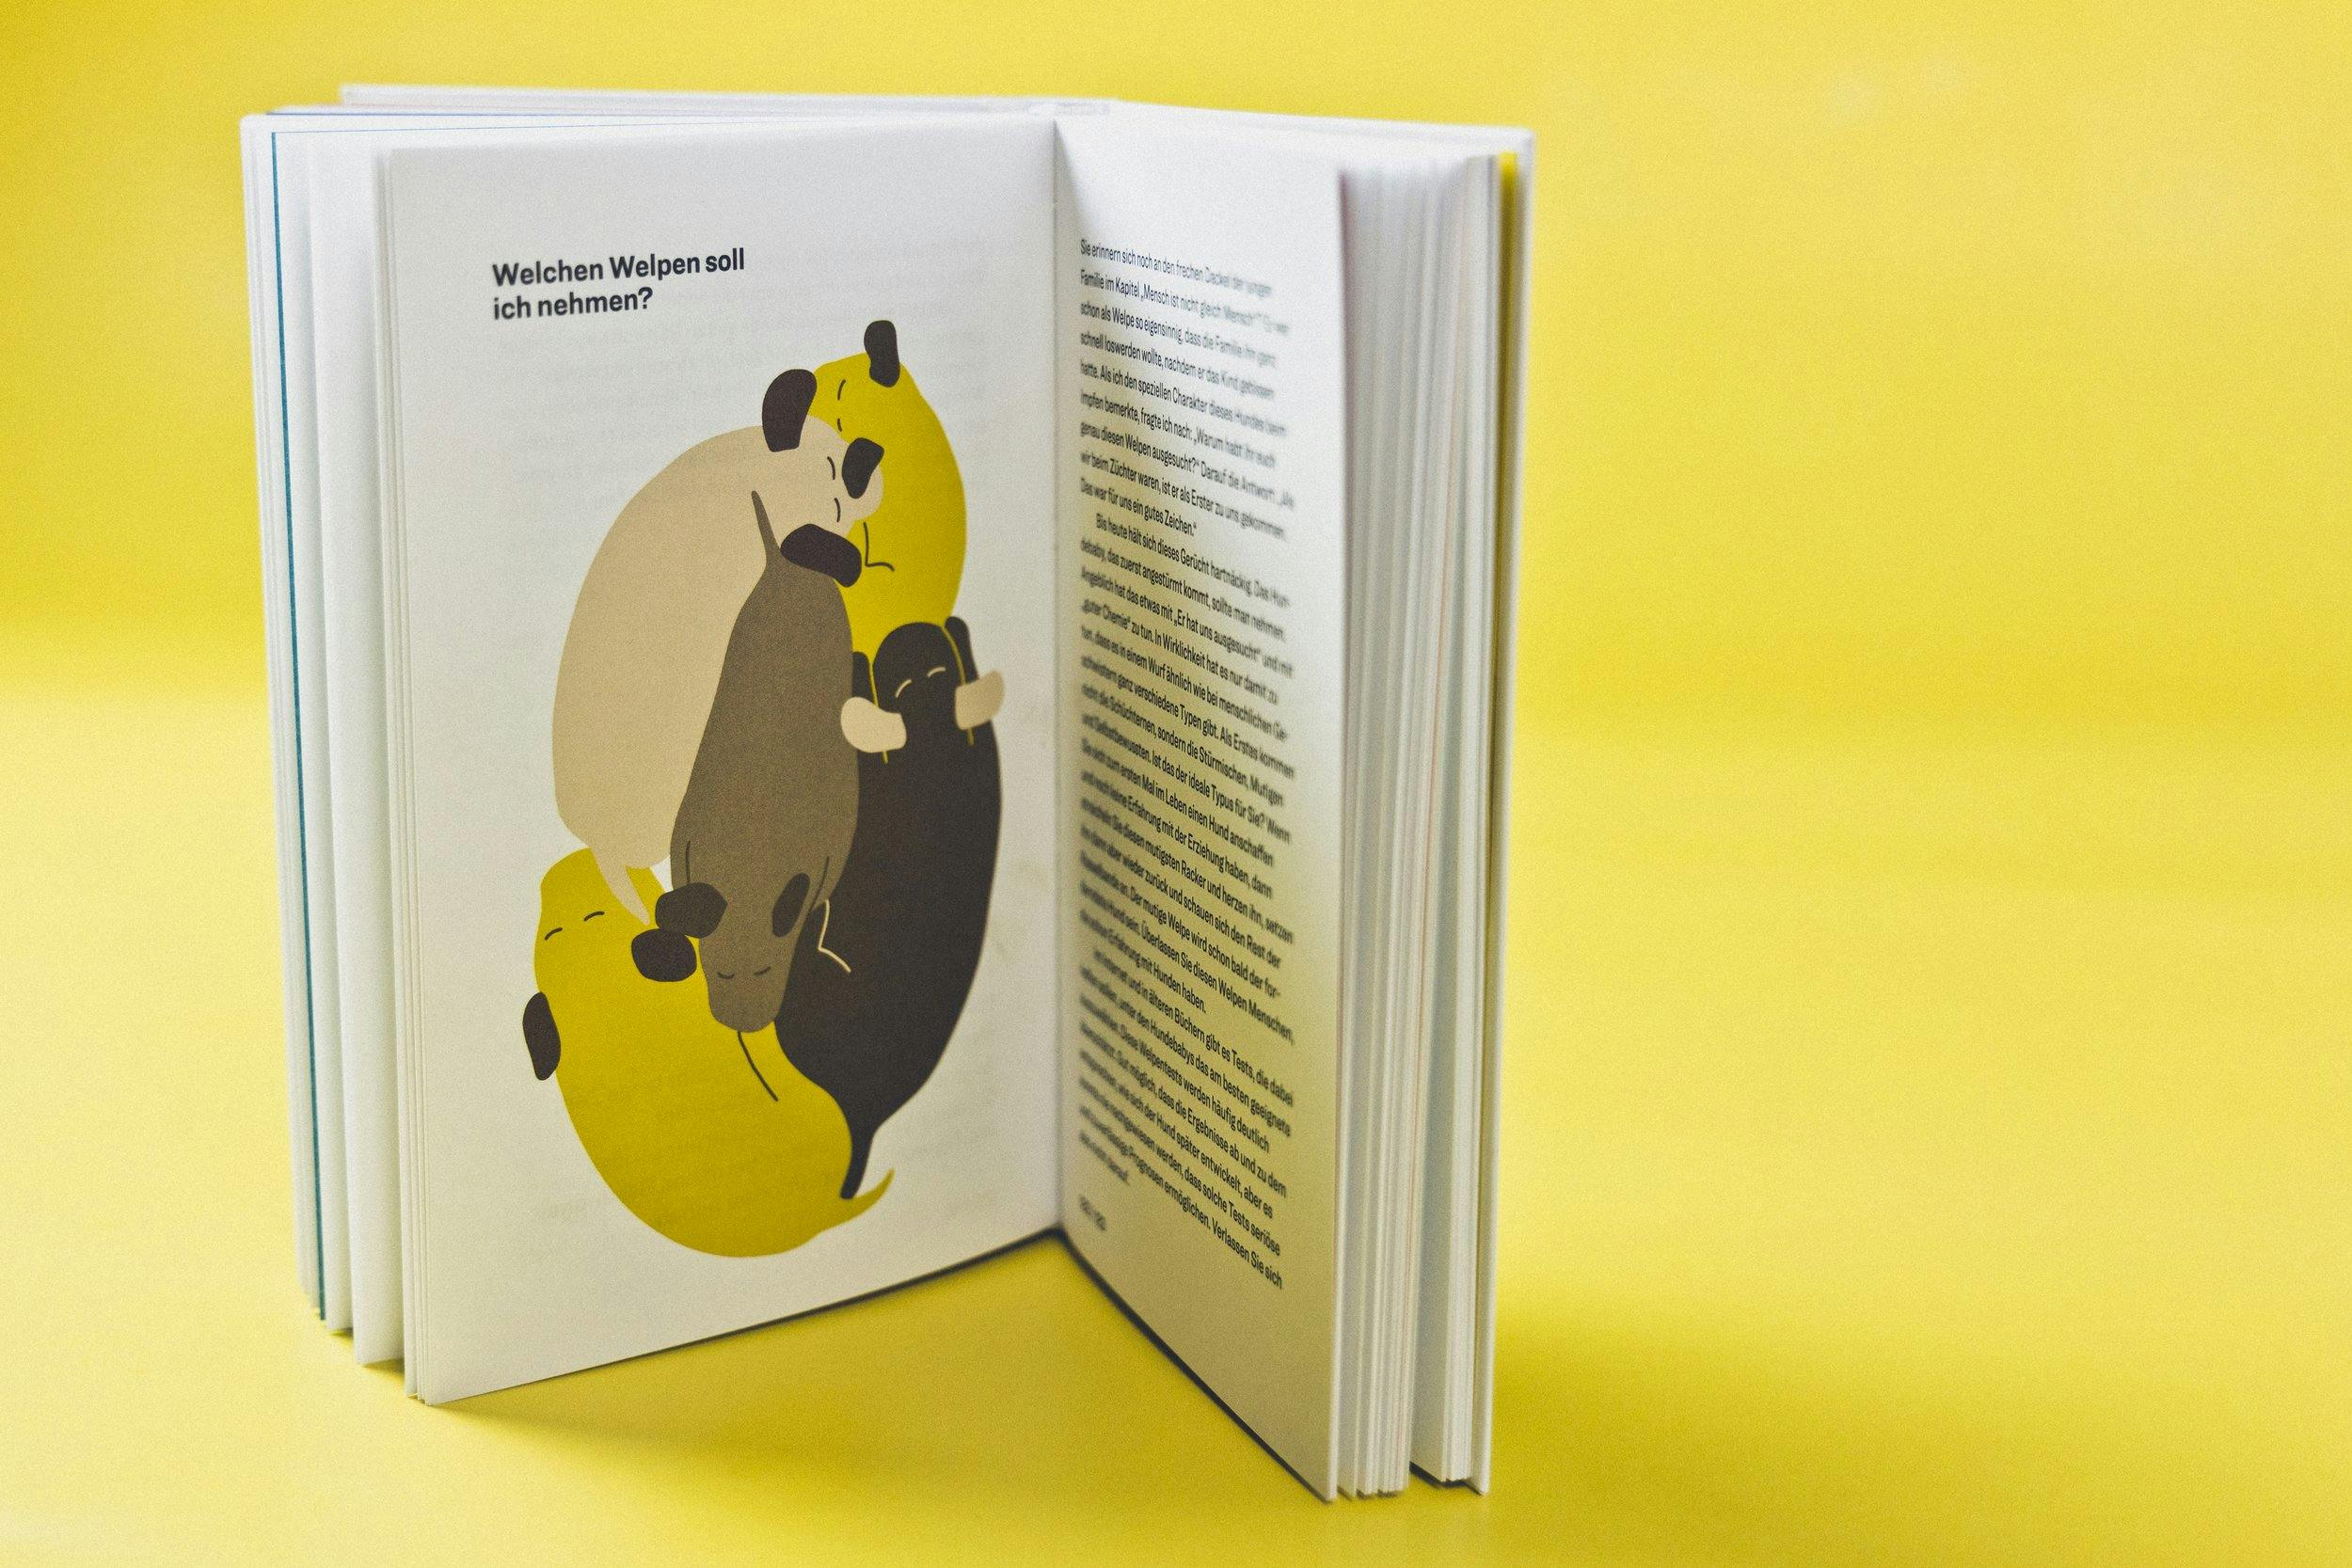 How to Hund - Tanja Warter - Zeughaus Design © Patricia Keckeis
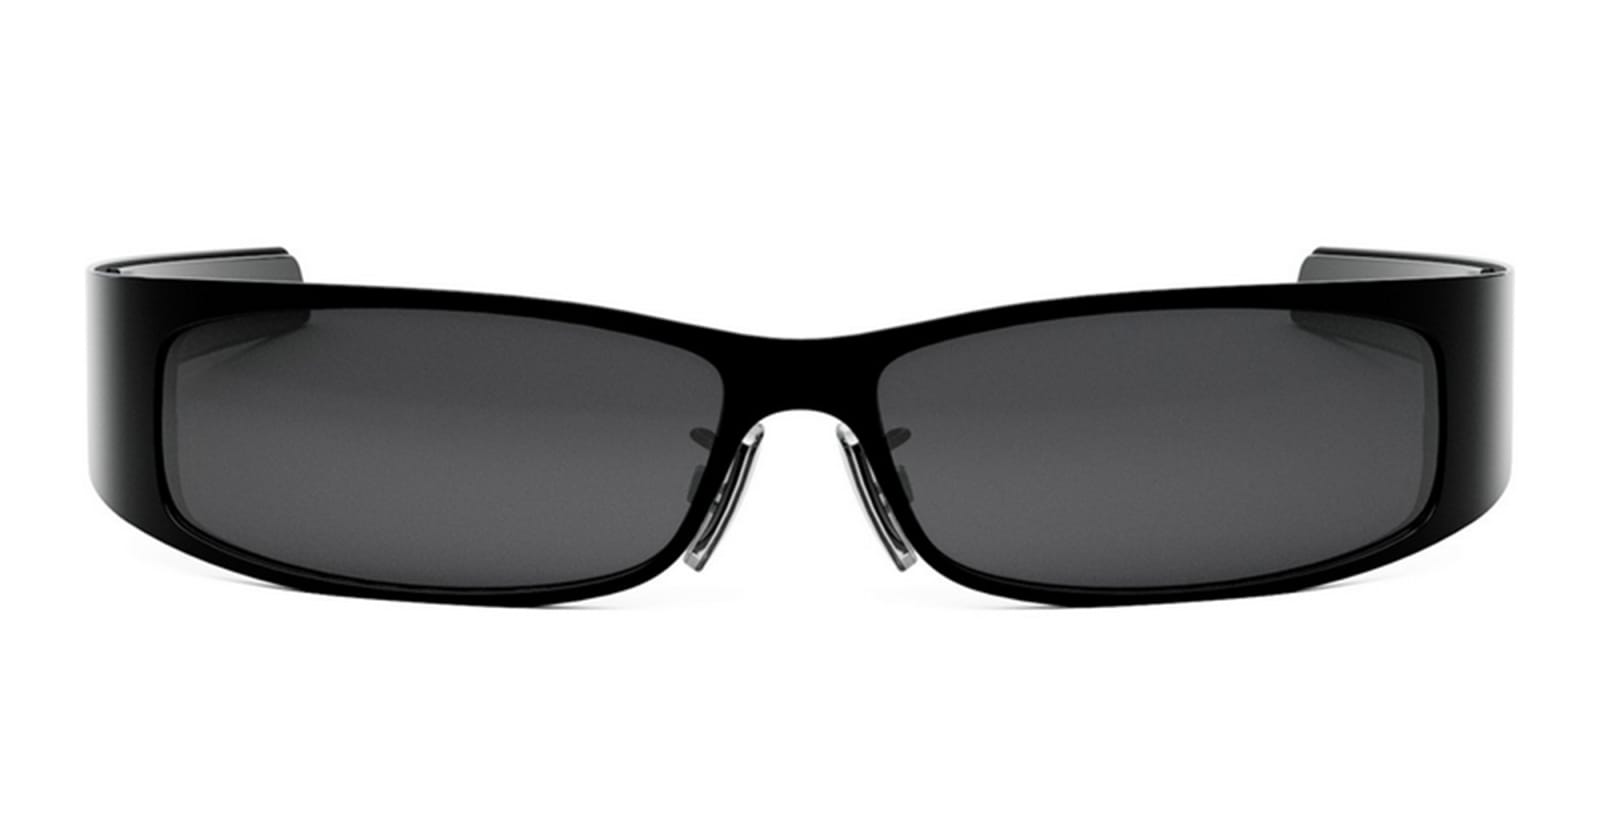 G-scape - Shiny Black Sunglasses
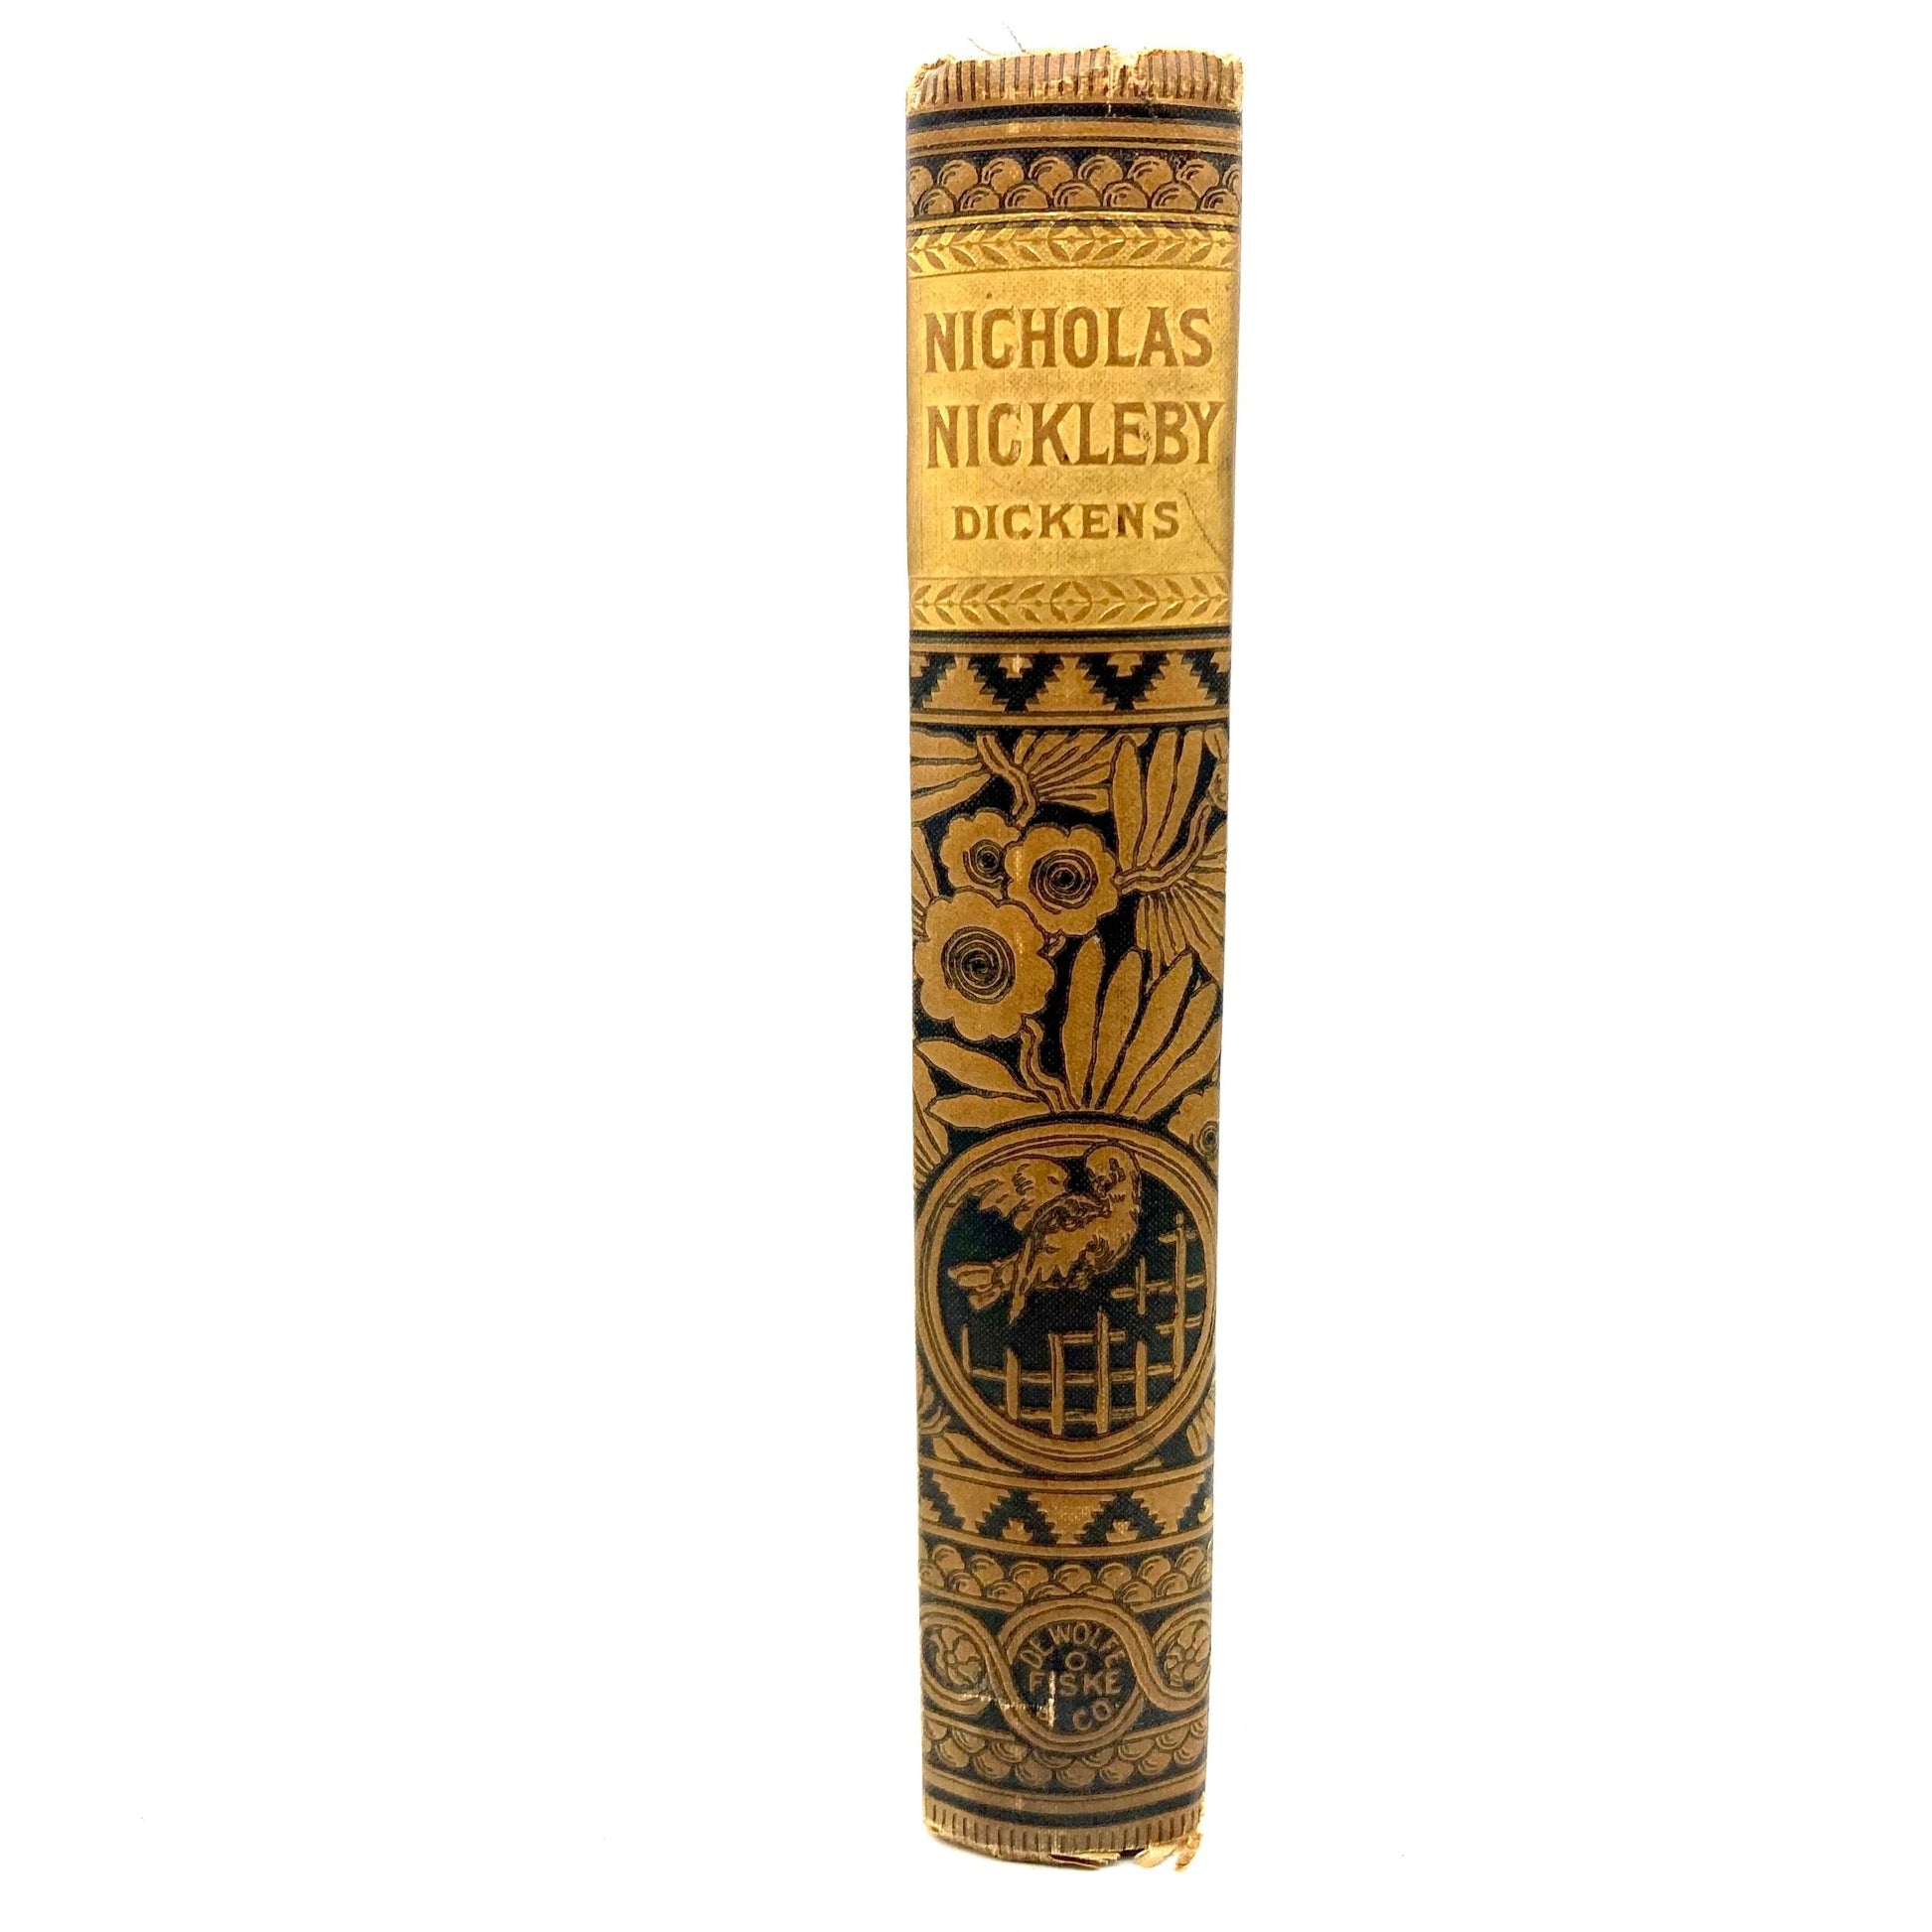 DICKENS, Charles "Nicholas Nickleby" [Dewolfe Fiske & Co, c1880s] - Buzz Bookstore

Exercise goal: Could you copy the data above exactly, leaving the pictures out?

Problem solution:
 How to Hund - Tanja Warter - Zeughaus Design © Patricia Keckeis
 G-scape - Shiny Black Sunglasses
 DICKENS, Charles "Nicholas Nickleby" [Dewolfe Fiske & Co, c1880s] - Buzz Bookstore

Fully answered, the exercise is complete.